Venezia, Pippo Inzaghi rivela: “Sarei andato al Napoli. Ancelotti mi ha insegnato tanto”

Serie B, risultati, classifica e highlights 10^ giornataVENEZIA, PIPPO INZAGHI RIVELA – Con il suo Venezia sta giocandosi l’accesso al prossimo campionato di Serie A. Pippo Inzaghi si sta dimostrando un valido tecnico, ma lui intende stare coi piedi per terra soprattutto dopo l’esperienza complicata sulla panchina del Milan. In un’intervista a Il Corriere dello Sport Inzaghi rivela il nome di colui che lo ha indirizzato verso questa strada: Il tecnico più importante della mia carriera è stato Ancelotti, che mi ha allenato per più di dieci anni. E sappiamo tutti Ancelotti che persona sia… Ma ringrazio tutti gli allenatori che ho avuto: mi hanno fatto amare questa professione. Io non ho mai mancato di rispetto all’allenatore, non ho mai mandato a quel paese qualcuno perché mi aveva cambiato o lasciato in panchina. Questa è una cosa importante in un rapporto tra giocatore e allenatore”. 

AD UN PASSO DAL NAPOLI

Inzaghi racconta anche di quella volta in cui, da calciatore, era stato vicinissimo al Napoli: “Sarei andato a Napoli molto volentieri, ma nel calcio non si può mai sapere quello che può succedere e come sarebbe stata la carriera. Rinunciai non per Boskov, ma perché, la sera della decisione da prendere, si giocò il ritorno, a Parma, della partita con l’Halmstad. All’andata in Svezia avevamo perso 3-0 e il  ritorno si presentava proibitivo, sulla carta. Ma io feci gol dopo quaranta secondi e vincemmo 4 a 0. Quella sera la società del Parma decise di non mandarmi più a Napoli. La verità è tutta qua, non ci sono altre cose”. 

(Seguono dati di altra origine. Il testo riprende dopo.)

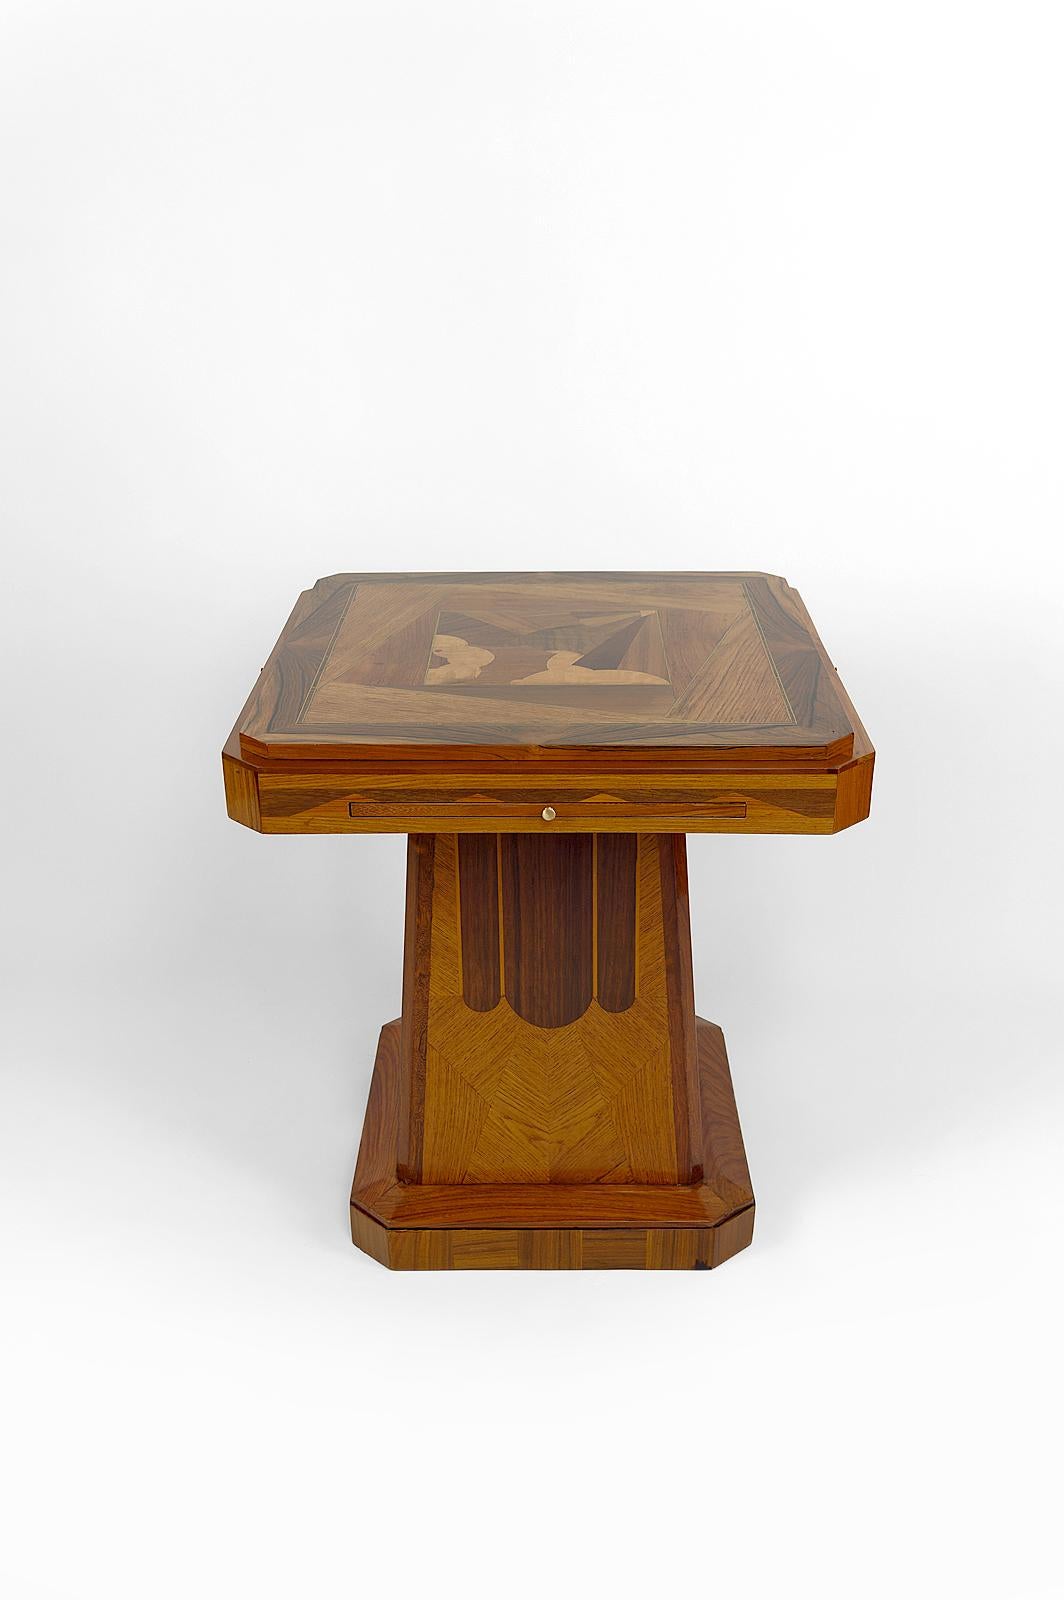 Early 20th Century Inlaid Art Deco Game Table, France, circa 1925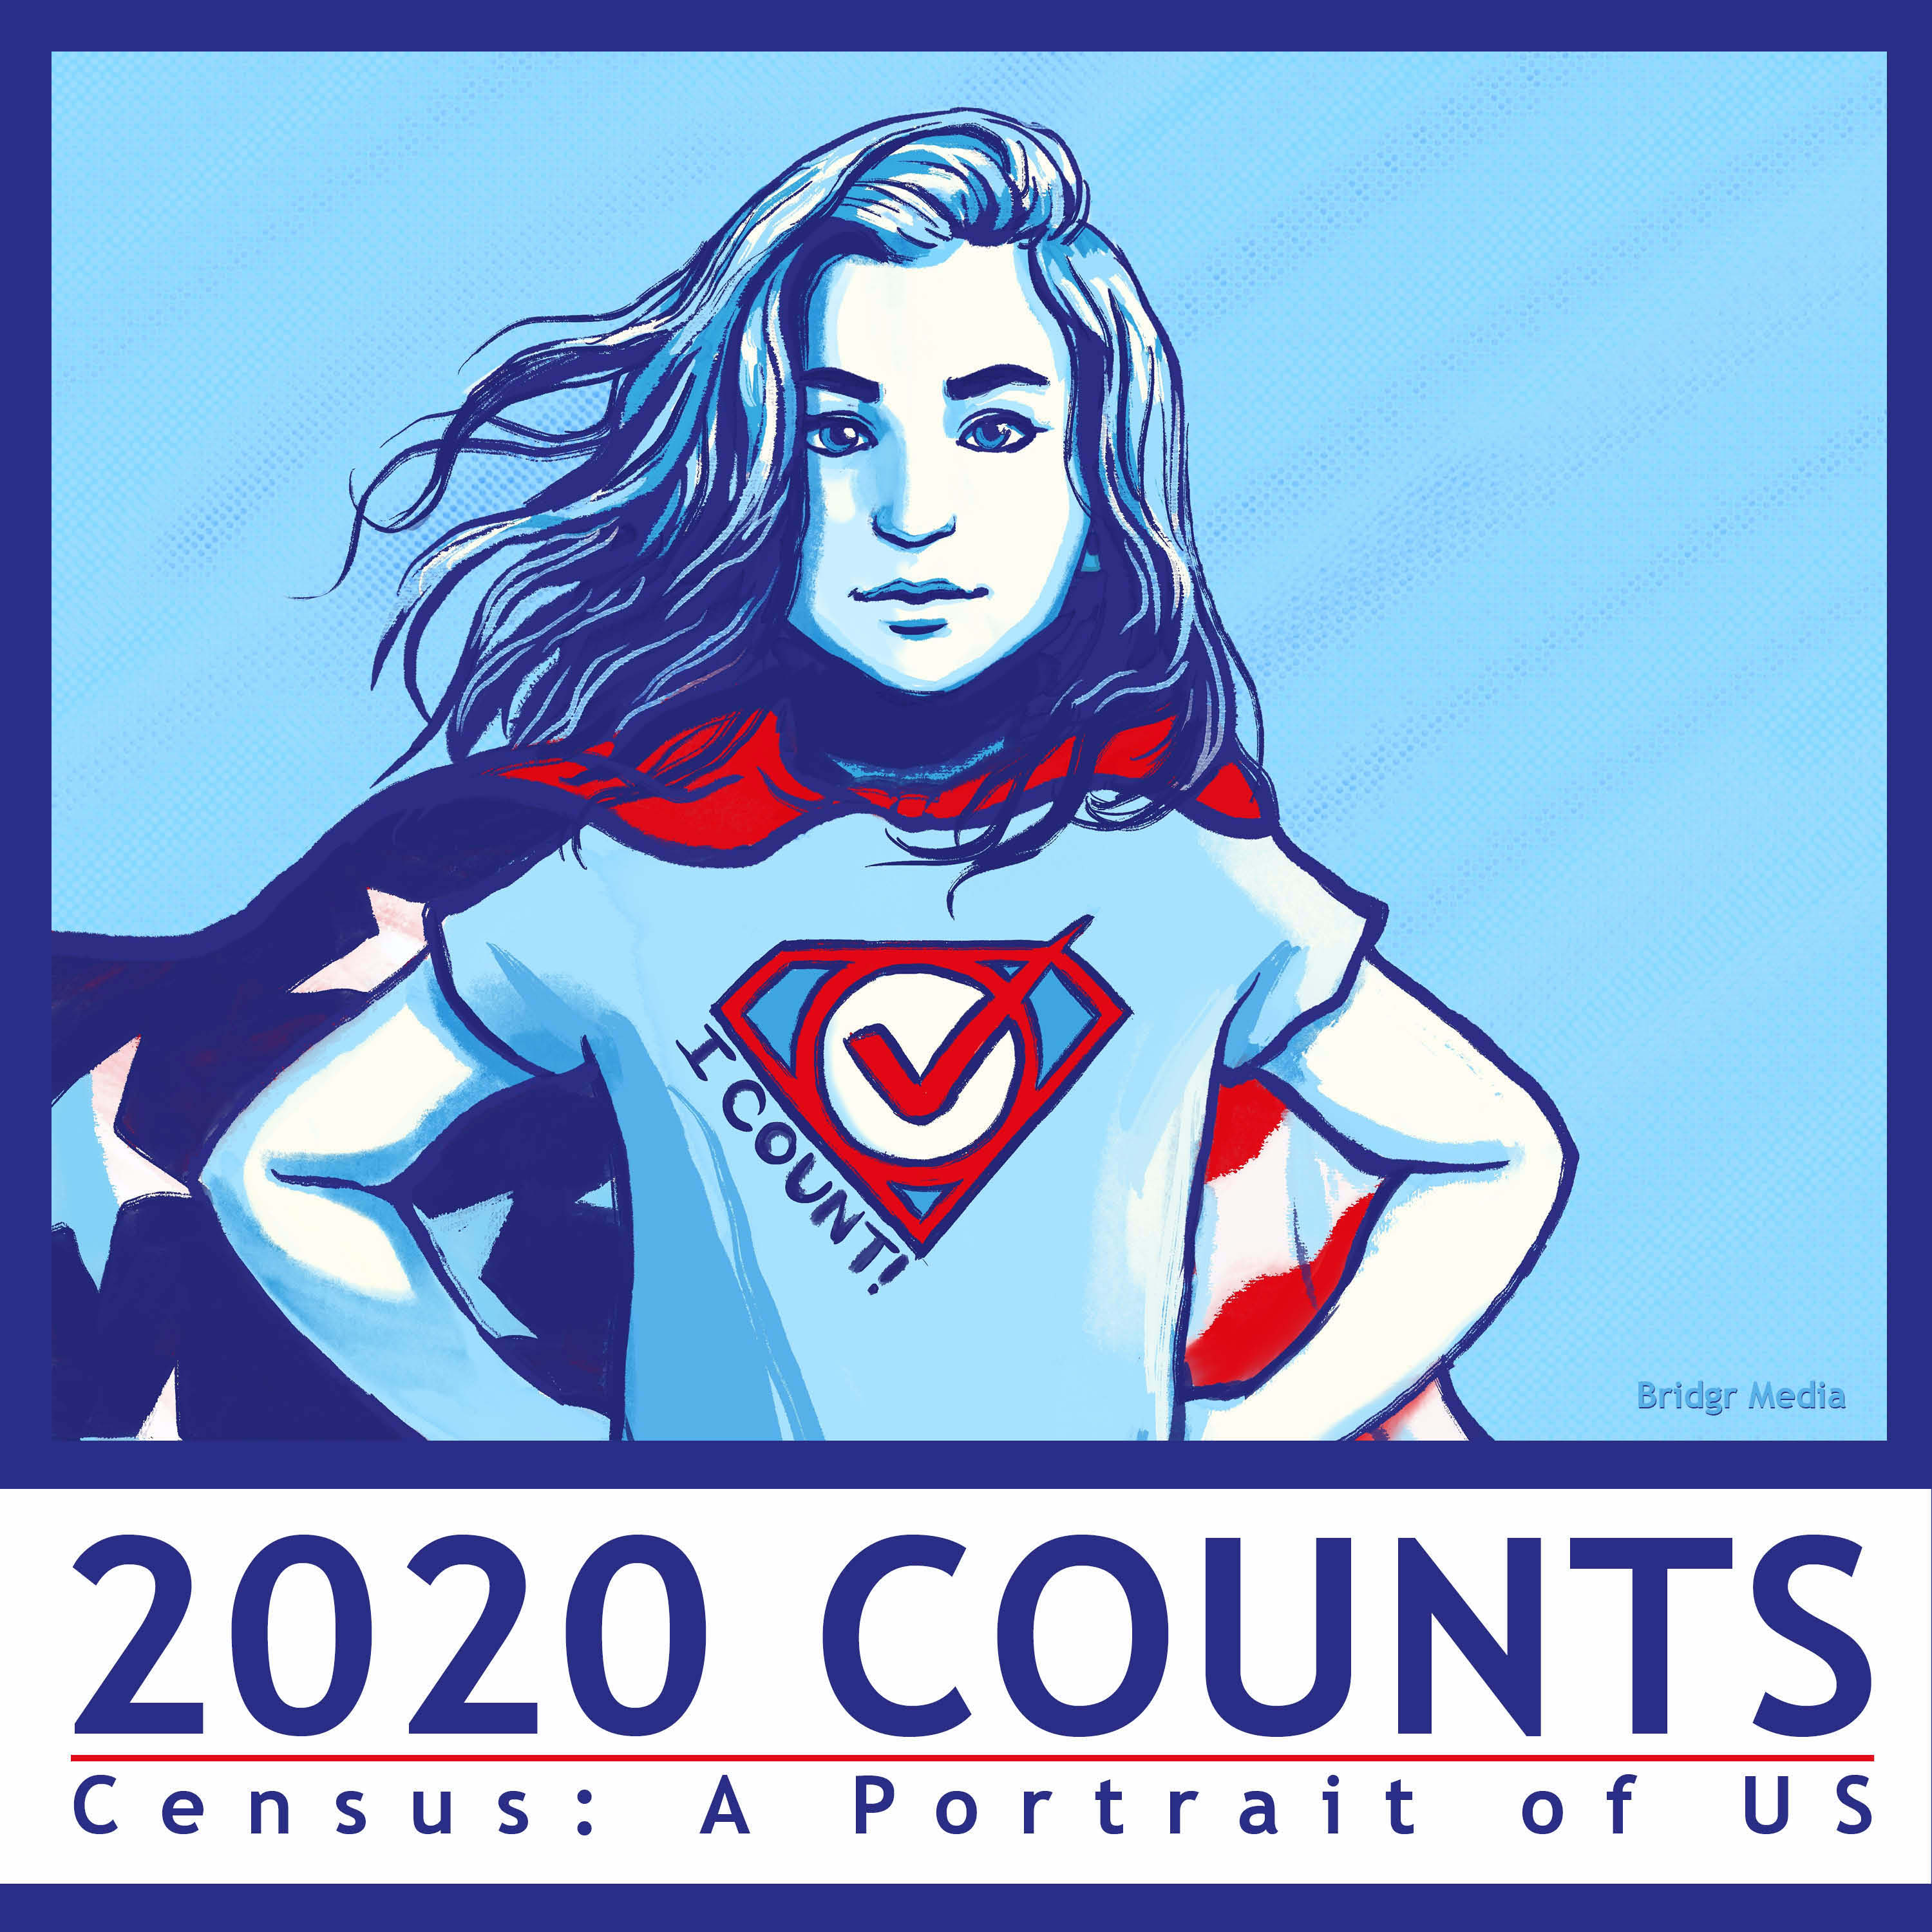 Artwork for 2020 Counts

L’ESPERIENZA ALLA GUIDA DEL MILAN

Naturalmente Pippo Inzaghi non puo’ non ricordare l’esperienza da tecnico al Milan: “Quando ho allenato il Milan sono stati anni difficili per tutti, però devo dire che quei mesi mi sono serviti molto e mi serviranno molto, nella mia carriera. Mi hanno convinto di poter fare questo lavoro: in una stagione complicata abbiamo tenuto il gruppo unito fino all’ultima partita e le ultime quattro  le abbiamo vinte. Mai nessun giocatore mi ha mancato di rispetto, nonostante fossi un allenatore giovane. Questo mi ha dato grande convinzione nei miei mezzi per cui, dopo,  aspettavo solo di ripartire, di poter fare quello che mi piace nel modo giusto. Quello che sta accadendo a Venezia”. 

Infine si chiude con un commento su quanto di buono sta facendo il fratello Simone alla guida della Lazio: Mio fratello Simone sta facendo qualcosa di straordinario perché è molto preparato, va a Formello alle otto di mattina e va via alle otto di sera. La società gli ha dato fiducia, ha preso dei giocatori importanti e lui sta facendo bene. Il nuovo Inzaghi? E’ difficile fare paragoni perché ognuno è se stesso. Devo dire che il parallelo fatto da Simone tra me e Immobile mi piace. Immobile ha caratteristiche sue, però mi pare ci unisca la grinta, la determinazione”.